RBAC effective permissions through group inheritance

Resolve what a user can actually do by walking user-group-role-permission graph paths

All recipes· graph· 6 minutesintermediatecypher

RBAC effective permissions through group inheritance

Objective

In any large system, users inherit permissions through nested groups and roles. "What can Sarah actually do?" becomes a recursive walk across user → group → group → role → permission.
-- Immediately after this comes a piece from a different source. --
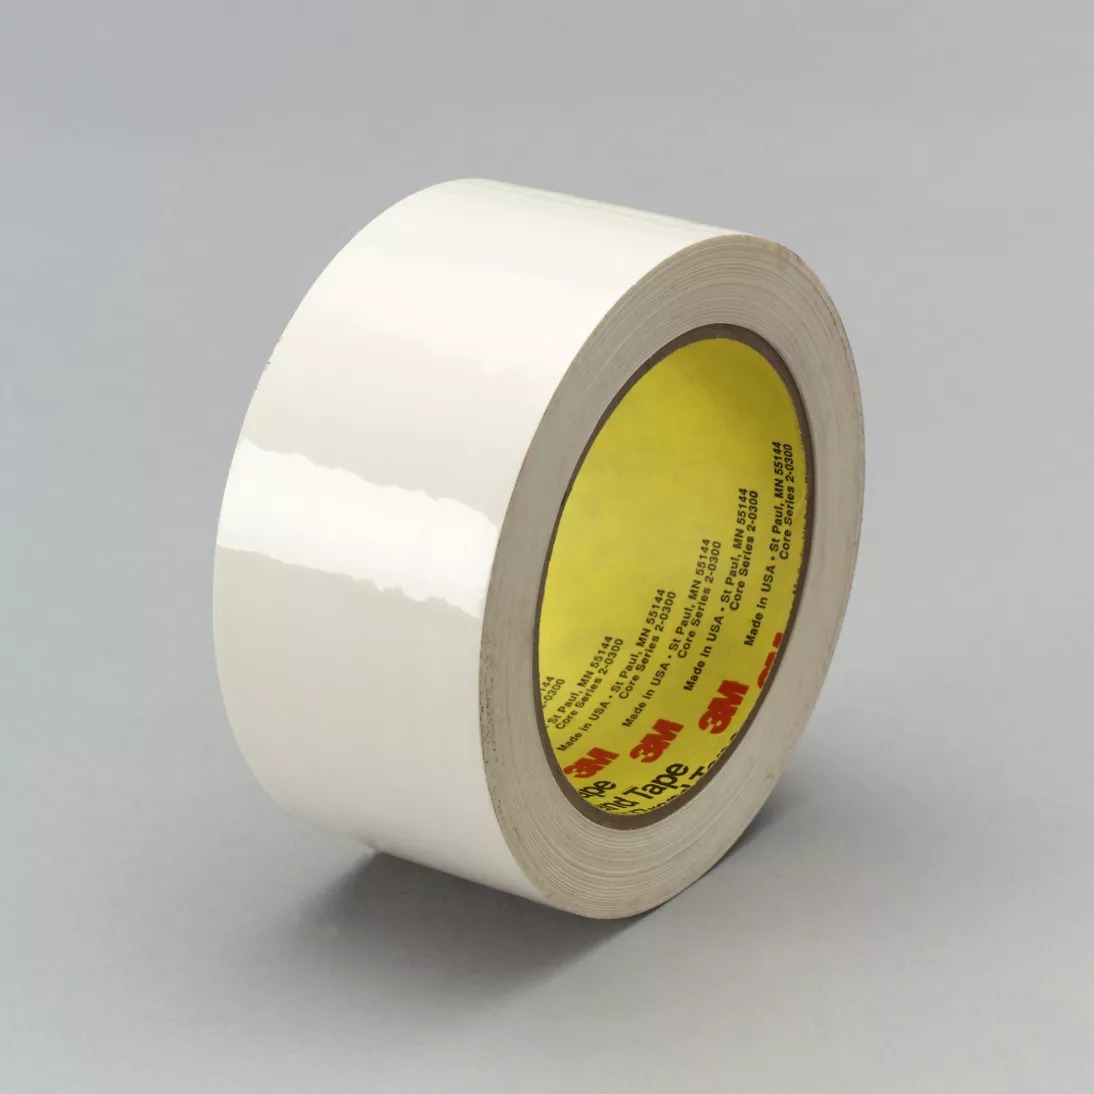 3M™ Polyethylene Tape 483, White, 3 in x 36 yd, 5.0 mil, 12 rolls per
case

Cypher flattens this into a single MATCH that returns the deduplicated list of effective permissions.

Step 1: Create the graph

// Users
MERGE (sarah:User {name: "Sarah Chen",  email: "sarah@acme.com"})
MERGE (raj:User   {name: "Raj Patel",   email: "raj@acme.com"})
MERGE (mia:User   {name: "Mia Rossi",   email: "mia@acme.com"})

// Groups (can be nested)
MERGE (eng:Group     {name: "Engineering"})
MERGE (platform:Group {name: "Platform Team"})
MERGE (mobile:Group   {name: "Mobile Team"})
MERGE (ops:Group     {name: "Ops"})

MERGE (platform)-[:MEMBER_OF]->(eng)
MERGE (mobile)-[:MEMBER_OF]->(eng)

// Direct user memberships
MERGE (sarah)-[:MEMBER_OF]->(platform)
MERGE (raj)-[:MEMBER_OF]->(mobile)
MERGE (mia)-[:MEMBER_OF]->(ops)

// Roles
MERGE (admin:Role  {name: "Admin"})
MERGE (deploy:Role {name: "Deployer"})
MERGE (viewer:Role {name: "Viewer"})
MERGE (oncall:Role {name: "OnCall"})

MERGE (eng)-[:HAS_ROLE]->(viewer)
MERGE (platform)-[:HAS_ROLE]->(deploy)
MERGE (platform)-[:HAS_ROLE]->(admin)
MERGE (mobile)-[:HAS_ROLE]->(deploy)
MERGE (ops)-[:HAS_ROLE]->(oncall)
MERGE (ops)-[:HAS_ROLE]->(viewer)

// Permissions
MERGE (read:Permission   {action: "read:repo"})
MERGE (write:Permission  {action: "write:repo"})
MERGE (deployPerm:Permission {action: "deploy:prod"})
MERGE (manage:Permission {action: "manage:users"})
MERGE (page:Permission   {action: "page:oncall"})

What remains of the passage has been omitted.